I saw my MD, had a short course of steroid taper (which seemed to knock out the pain) and cervical MRI on 2/26/13: C5-C6 bilateral uncovertebral joint hypertrophy with disc bulging marginal osteophyte cause of midline, causing thecal impression more to right than left and at the midline, the AP dimension of the spinal canal as borderline stenotic, right C6 neuroforamen is markedly narrowed, left C6 neuroforamen moderately narrowed.
At C6-C7 disc bulging marginal osteophyte formation is seen causing broad thecal impression across midline. AP dimension at the midline is minimally stenotic. The right uncovertebral joint demonstrates some spurring as well. The right C7 neuroforamen is moderately narrowed left C7 neuroforamen mildly narrowed.
Impression: spondylotic changes seen bilaterally and across midline at C5-C6 cause thecal impression left and right, cause borderline spinal stenosis, and cause C6 neuroforamen narrowing right C6, moderate narrowing left C6 neuroforamen.
Broad thecal impression at C6-7 is also seen, right C7 neuroforamen is moderately narrowed, left C7 neuroforamen mildly narrowed. At C4-C5 a tiny central protrusion is seen.
A physiatrist on 3/14/13 recommended I have PT, Cervical nerve root block and consult a neurosurgeon. He said I’ll never regain 100% of my triceps muscle strength. He said I may get up to 80%, I am right handed and am a musician.
I tried acupuncture and after one visit, developed vertigo which lasted for just over a week. It affected my walking but the MD did not seem concerned. It has gone away.
I had a PT visit and he said my right triceps strength is 3/5 and I had decreased reflex right triceps.
I have an appointment with a neurosurgeon on 4/09/13. I am trying to schedule the C7 nerve root block, pending insurance issues.

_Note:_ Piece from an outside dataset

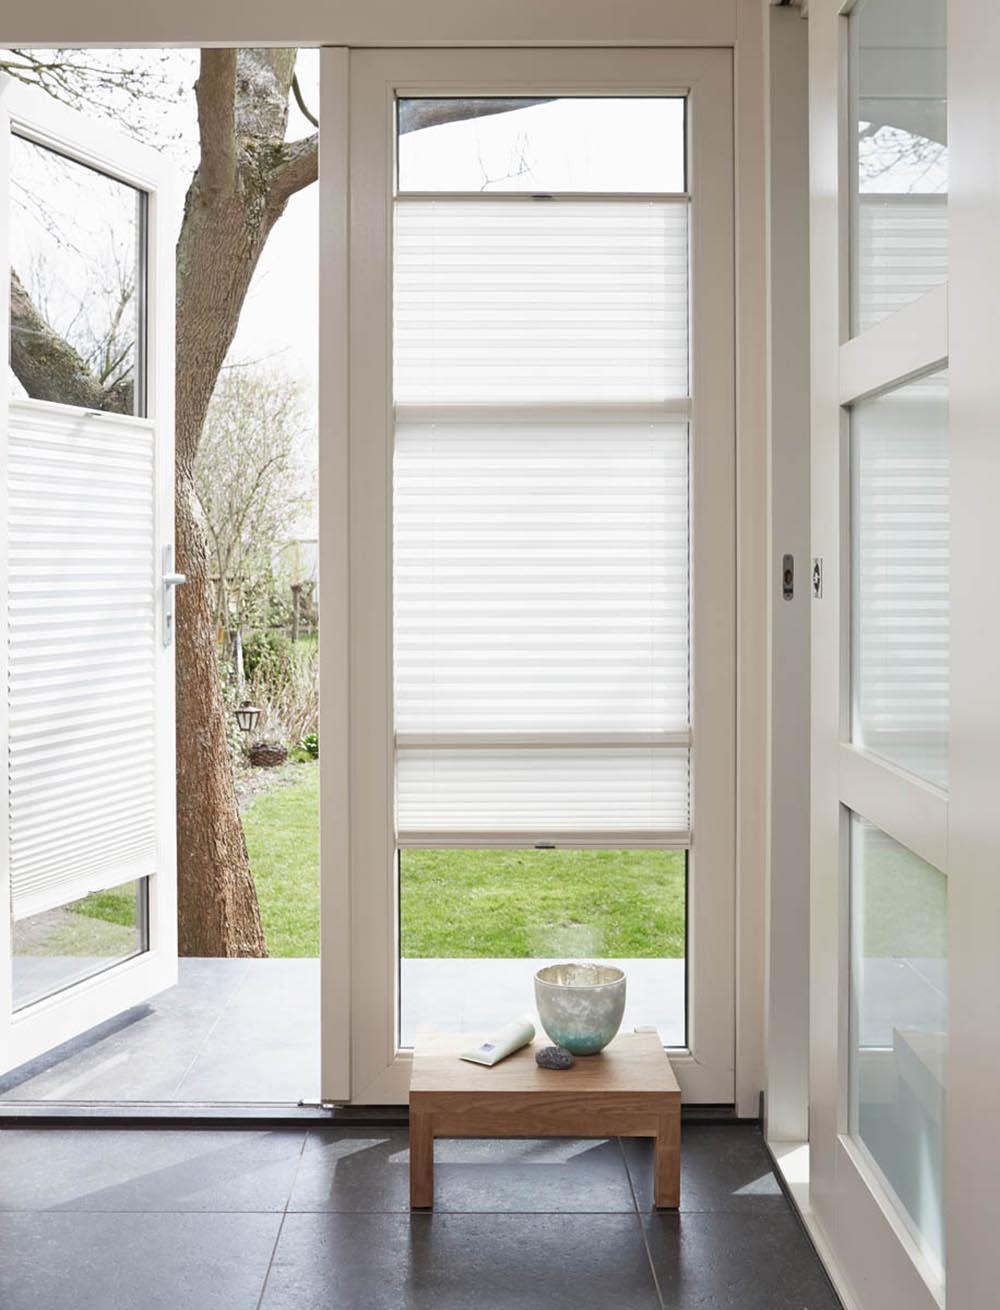 luxaflex pliss shades op maat inhuis plaza. Black Bedroom Furniture Sets. Home Design Ideas

Currently my right index finger is numb, the side of my middle finger is numb, and my right triceps continues to be weak. I am already noticing loss of muscle tone. My right hand is crampy and typing is laborious but I have to continue to work. I am practicing good posture but my symptoms are persistent. I have noticed some slight left arm/hand symptoms occasionally.
1. At this point, can a right C7 nerve root block take enough pressure off the nerve to avoid surgery or is this just a bandaid/temporary measure?2. Is it possible, in time, that the nerve can “unpinch” itself or are aggressive measures needed? Can a good PT and/or an osteopath with manipulations help unpinch the nerve?

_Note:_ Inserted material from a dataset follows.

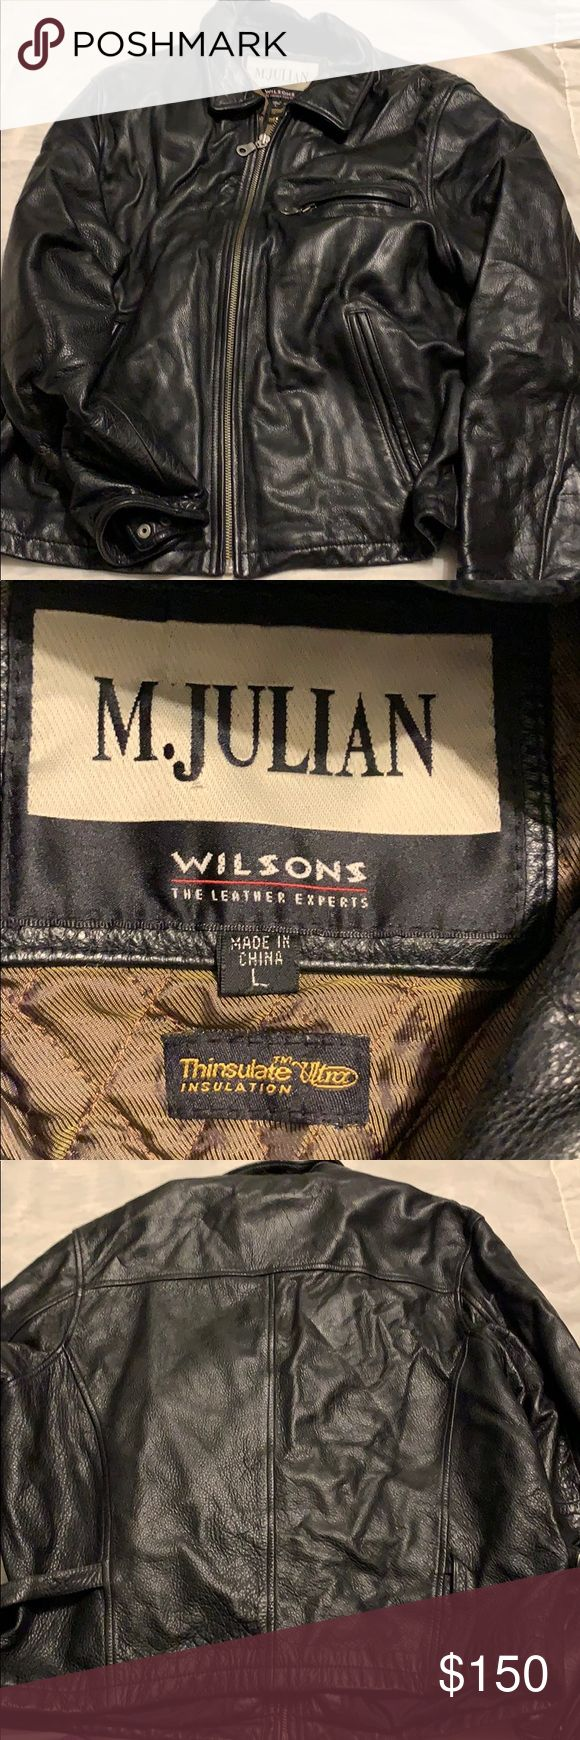 Size L black M. Julian heavy leather coat Leather coat

3. Is it true that surgery/decompression does not guarantee that weakness will resolve? What would then be the point of surgery if I don’t have much pain at present? My main symptoms are weakness/numbness.
4. I have a huge dream trip to Europe planned for the end of July which is already paid for. This seems like terrible timing if I need surgery. If I had surgery say, early May, would I be able to go on this trip? (I will have help with luggage, won’t have to do much heavy lifting).
I read in one book “Do You Really Need Back Surgery?” that decompressive surgery has become so advanced that can be done as an outpatient procedure with patients back to work in a few days. Is this true?
If I wait until after the trip (July 26 – Aug 4), that will be going on 7 months, is that too long to wait regarding my right triceps weakness?
I know without examining me that you cannot answer all of these questions accurately but I do sincerely appreciate your time and expertise!